- WHAT TO WORK ON: An unchanged copy of all the lines below is expected, and it should contain no pictures.

- INPUT DATA:

⟨

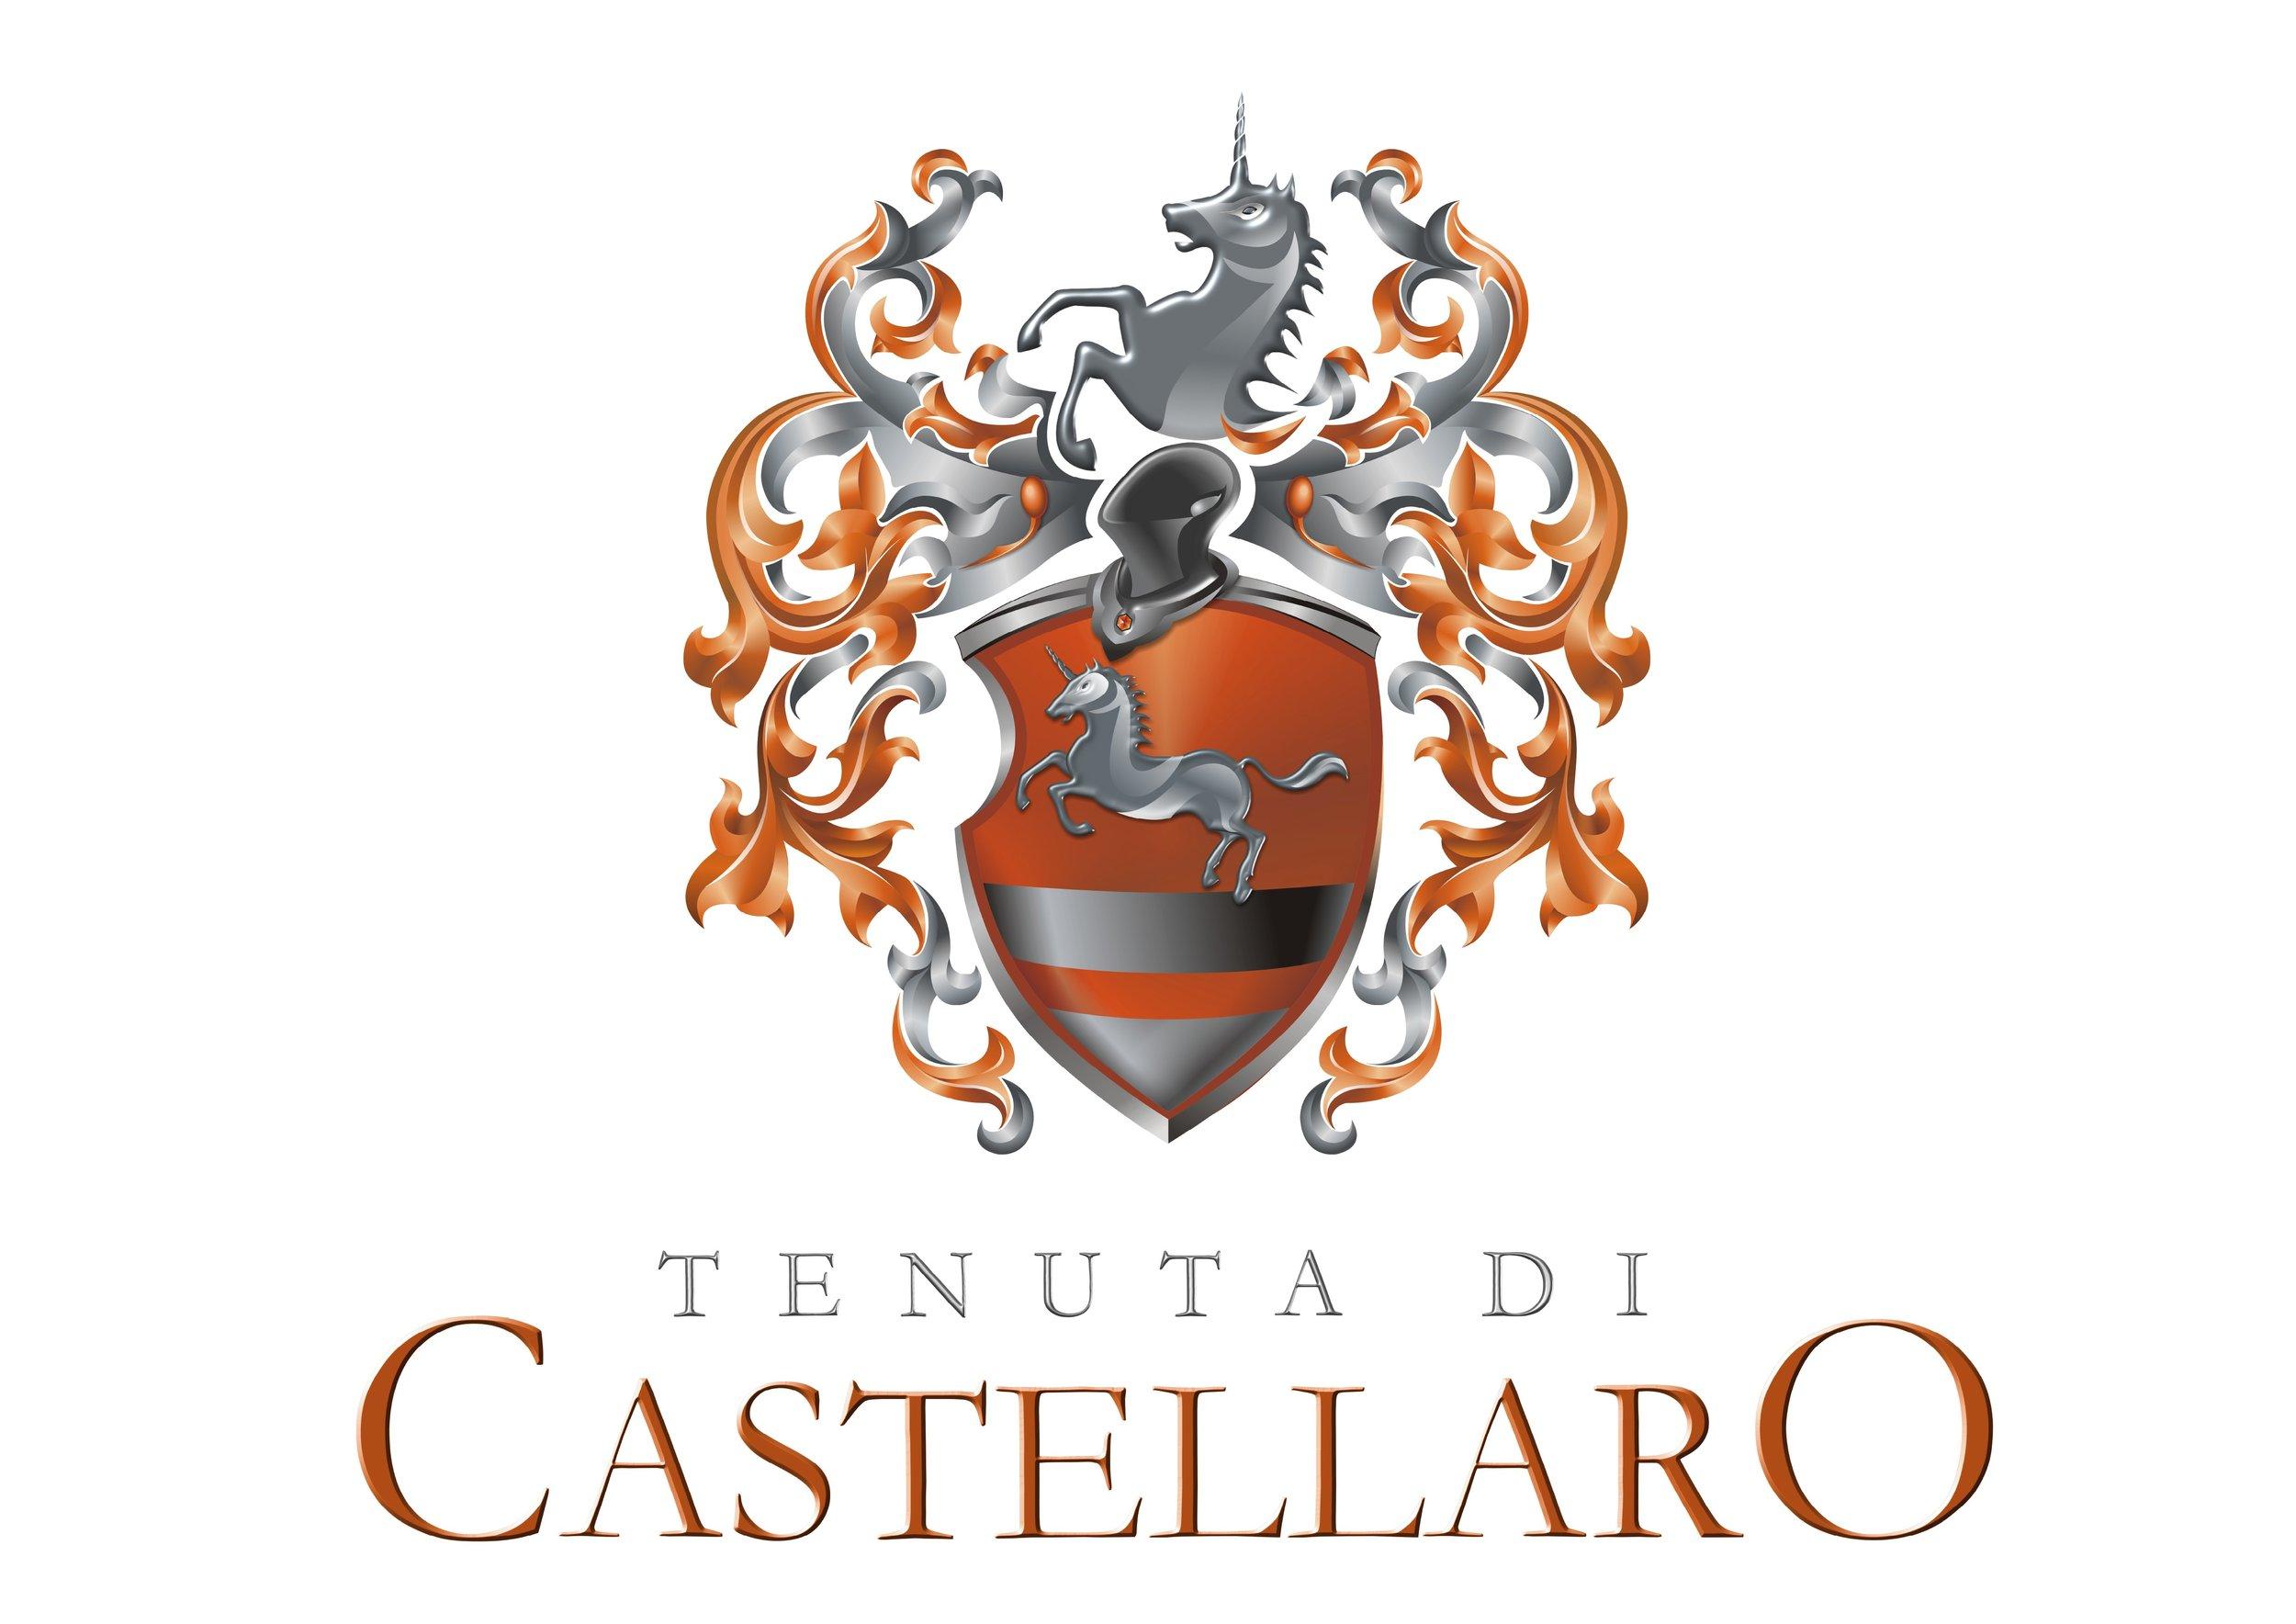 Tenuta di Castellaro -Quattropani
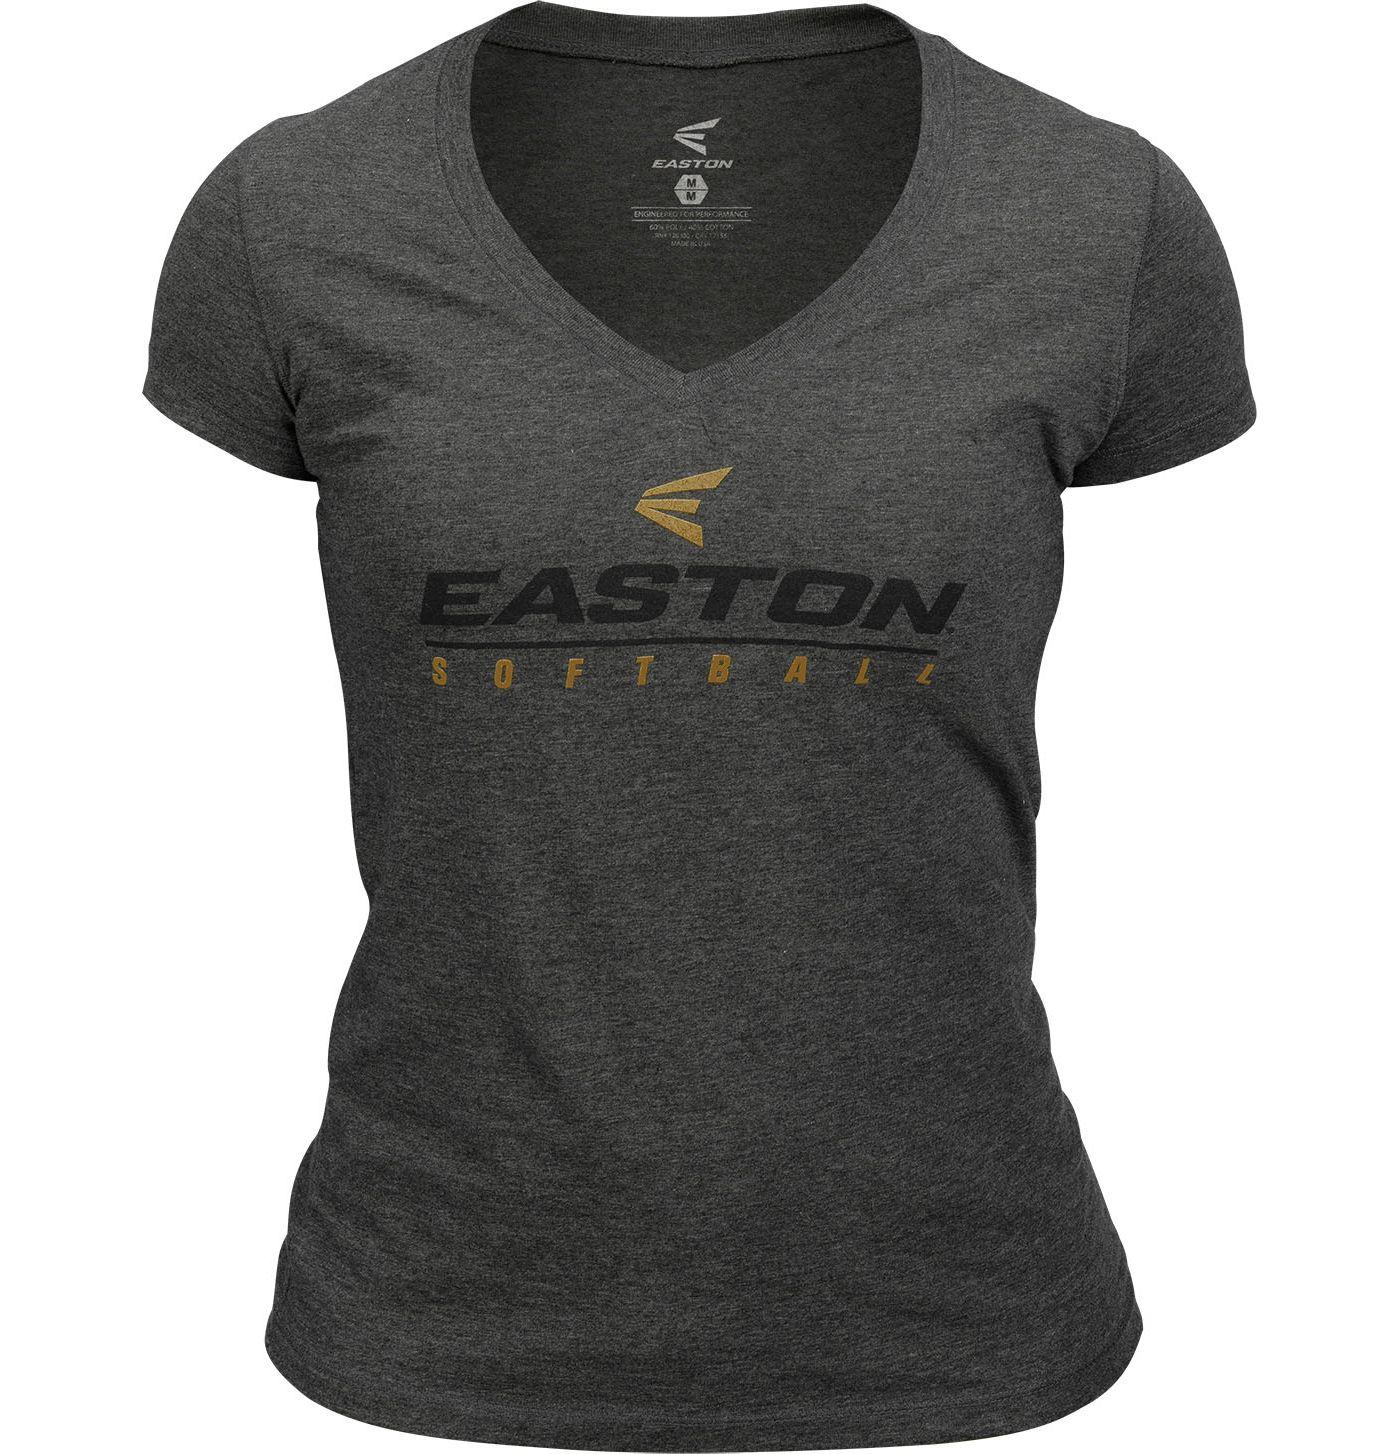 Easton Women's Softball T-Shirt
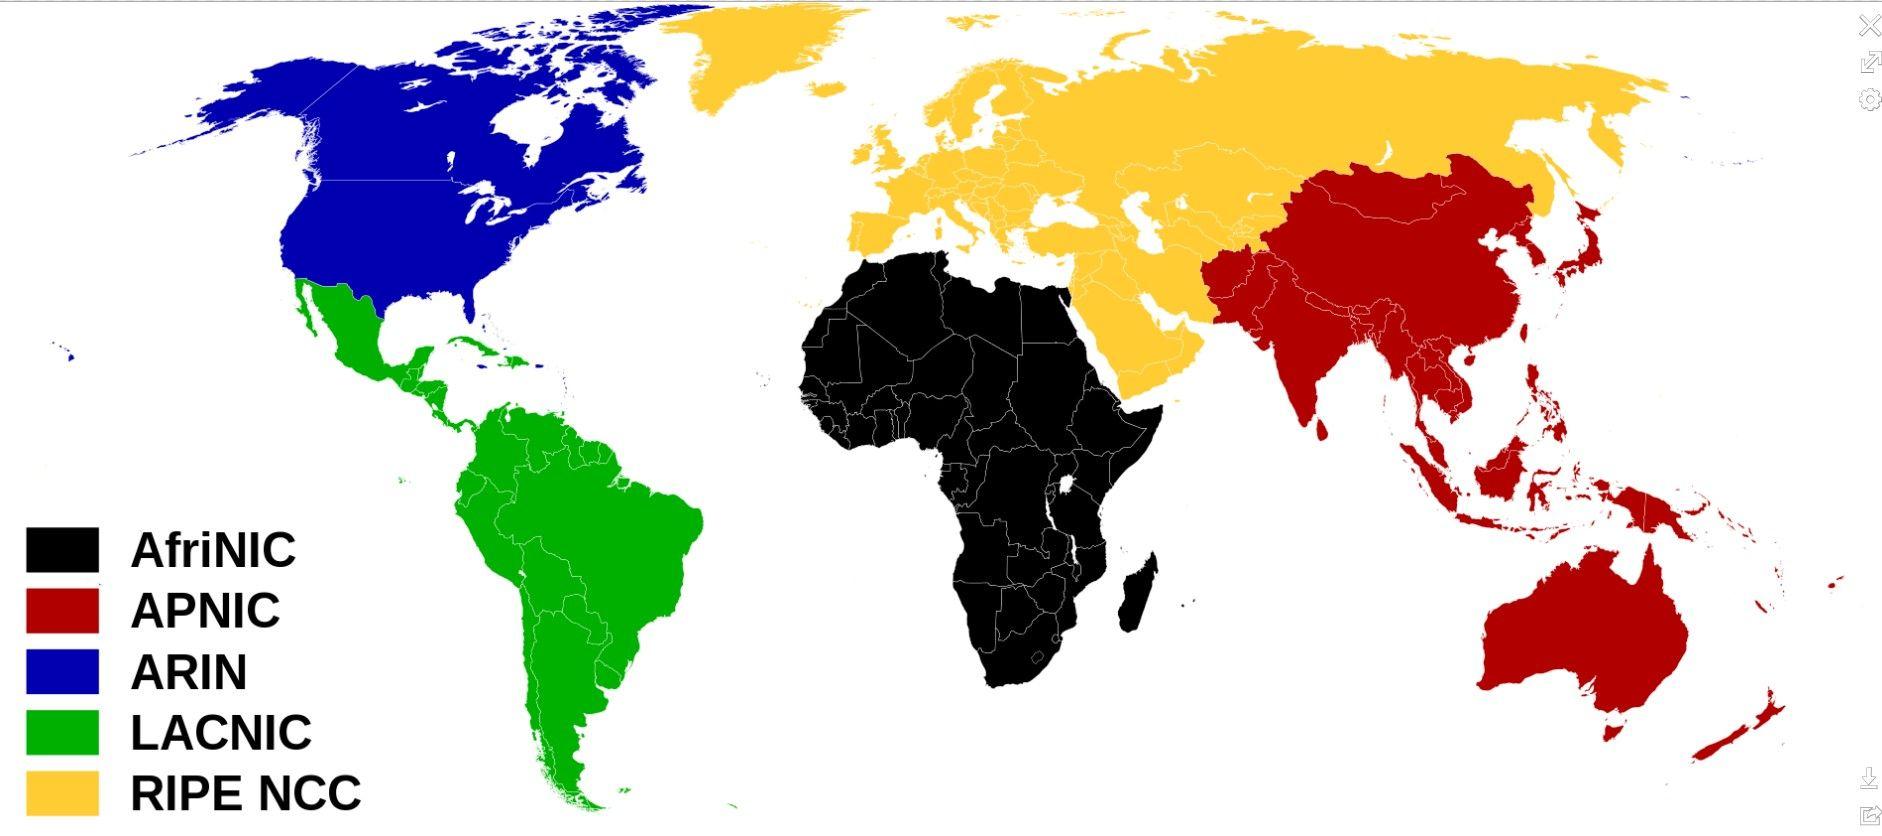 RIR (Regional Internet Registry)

⟩

- TASK RESULT:
 Tenuta di Castellaro -Quattropani
 Easton Women's Softball T-Shirt
 RIR (Regional Internet Registry)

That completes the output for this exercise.